We model this with two tables:

  • offline_page

    • One row for every page or database that is available offline. This is our offline set.

  • offline_action

    • One row for each reason a page or database is available offline.

    • Columns

      • origin_page_id

        • The root of this offline tree: the page or database that was initially made available offline

      • from_page_id

        • For databases and database pages, the parent page in the offline tree, if it exists

      • impacted_page_id

        • The page kept offline as a result of the origin being made available offline. This can be the origin itself

      • type

        • The reason, such as toggled or favorite

    • Invariant: every row in offline_page must have at least one row in offline_action where it appears as

      impacted_page_id. If a page has no such rows, it is removed from offline_page

Example: Suppose we have a database D with 2 rows, X and Y, and we toggle “Available offline” on D. We write into offline_action:

example 1 offline

If X is also favorited, we add another action:

example 2 offline

Now X has two reasons to be offline.

If we toggle off D, we delete all actions with origin_page_id = D, but X remains available offline because its type=favorite action still exists.

By keeping track of this metadata, we always know precisely which pages are available offline.

Keeping downloaded pages up-to-date

Making a page available offline is only half the problem. We also need to keep that page fresh as other people edit it from other devices. No one wants to open all their pages before a flight just to get the latest versions.

One approach was to have clients periodically poll the server for each of their offline pages and download the latest versions. This worked in early testing but wouldn't scale to millions of users and devices.

Instead, we wired up push-based updates into our existing page version snapshot system. Whenever a batch of updates is applied to a page, the server emits a message on a channel for that page. Clients subscribe to these channels for each of their offline pages, and when they receive a message, they fetch the latest changes for the page.

For clients coming back online after being offline, we avoid refetching everything. Each client tracks a lastDownloadedTimestamp for every offline page. On reconnect, we compare that timestamp with the server's lastUpdatedTime and only fetch pages where the server version is newer. This keeps offline pages closely synced to the server while avoiding unnecessary refetches of unchanged pages.

Pruning offline trees as content changes

Pages and databases in Notion are constantly changing: Pages get moved, databases gain or lose rows, and inline databases are added or removed. Our offline forest needs to keep up with these structural changes without leaving behind stale entries or dropping legitimate reasons to be available offline.

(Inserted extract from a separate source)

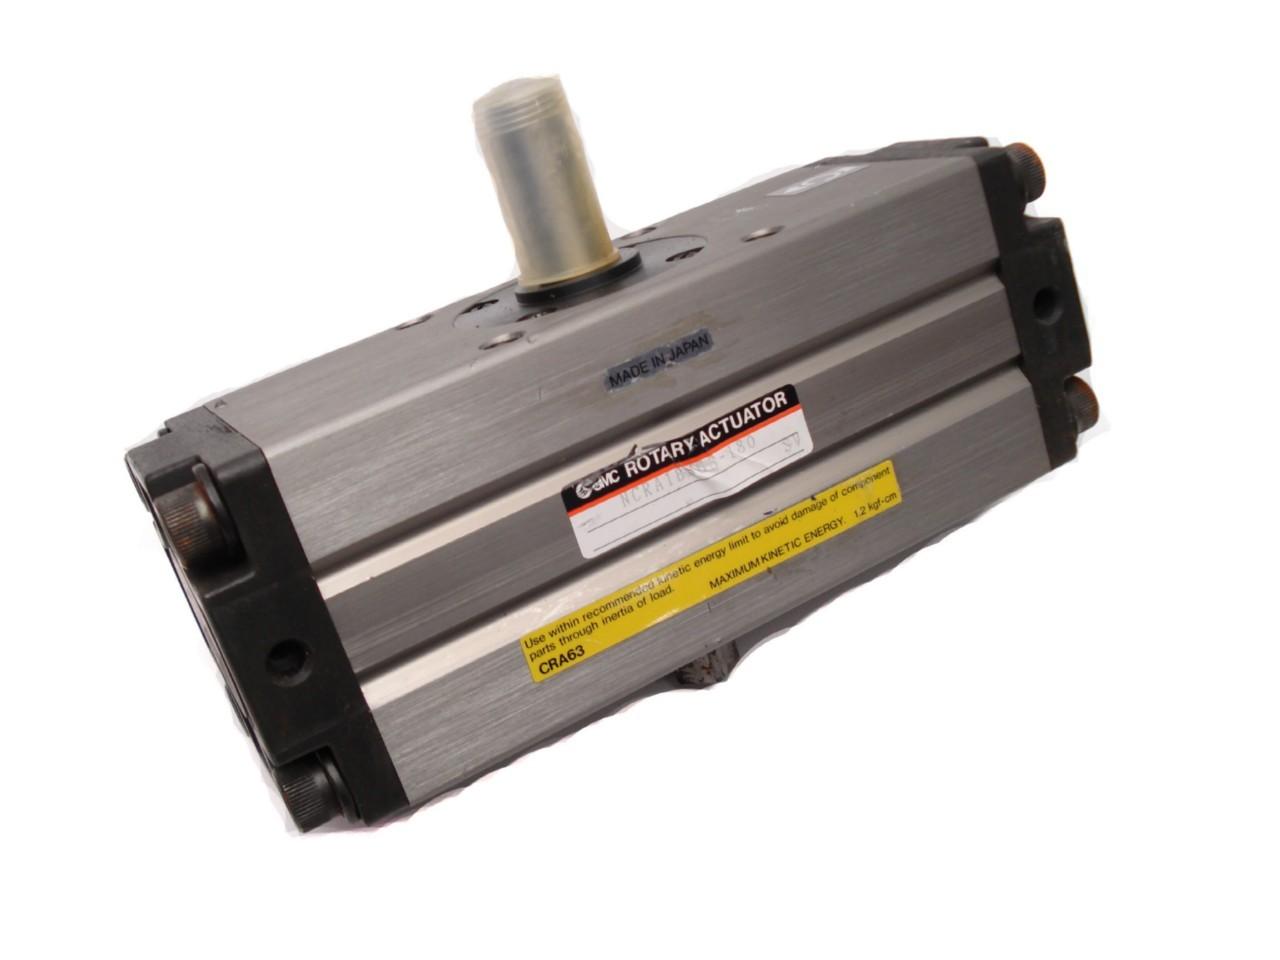 New Smc Rack Amp Pinion Type Rotary Actuator Ncra1bw63 180

When we refetch an offline page, we:

  1. Download the latest version of the page as well as the latest view of any databases

  2. Compare this fresh snapshot with what is currently represented in the offline_action table

  3. Apply a minimal set of edits to the forest so that it matches the new hierarchy

Concretely, this means:

  • Inserting new offline_action rows when a page or database has gained new descendants that should inherit offline status

  • Deleting offline_action rows when inline databases are removed or database rows are no longer in the view

By always treating offline_action as the source of truth for “why is this page offline?” and carefully reconciling it with the latest server state, we keep the forest eventually consistent with the live workspace while avoiding expensive full rebuilds of offline trees.

Looking forward

We’re proud of what we launched as it enables the entire Notion user base to use the product in an entirely new way. But it's just the start. As we evolve our systems, we’ll continue to push the limit of how many pages we can sync to users’ devices and make Notion more and more local-first.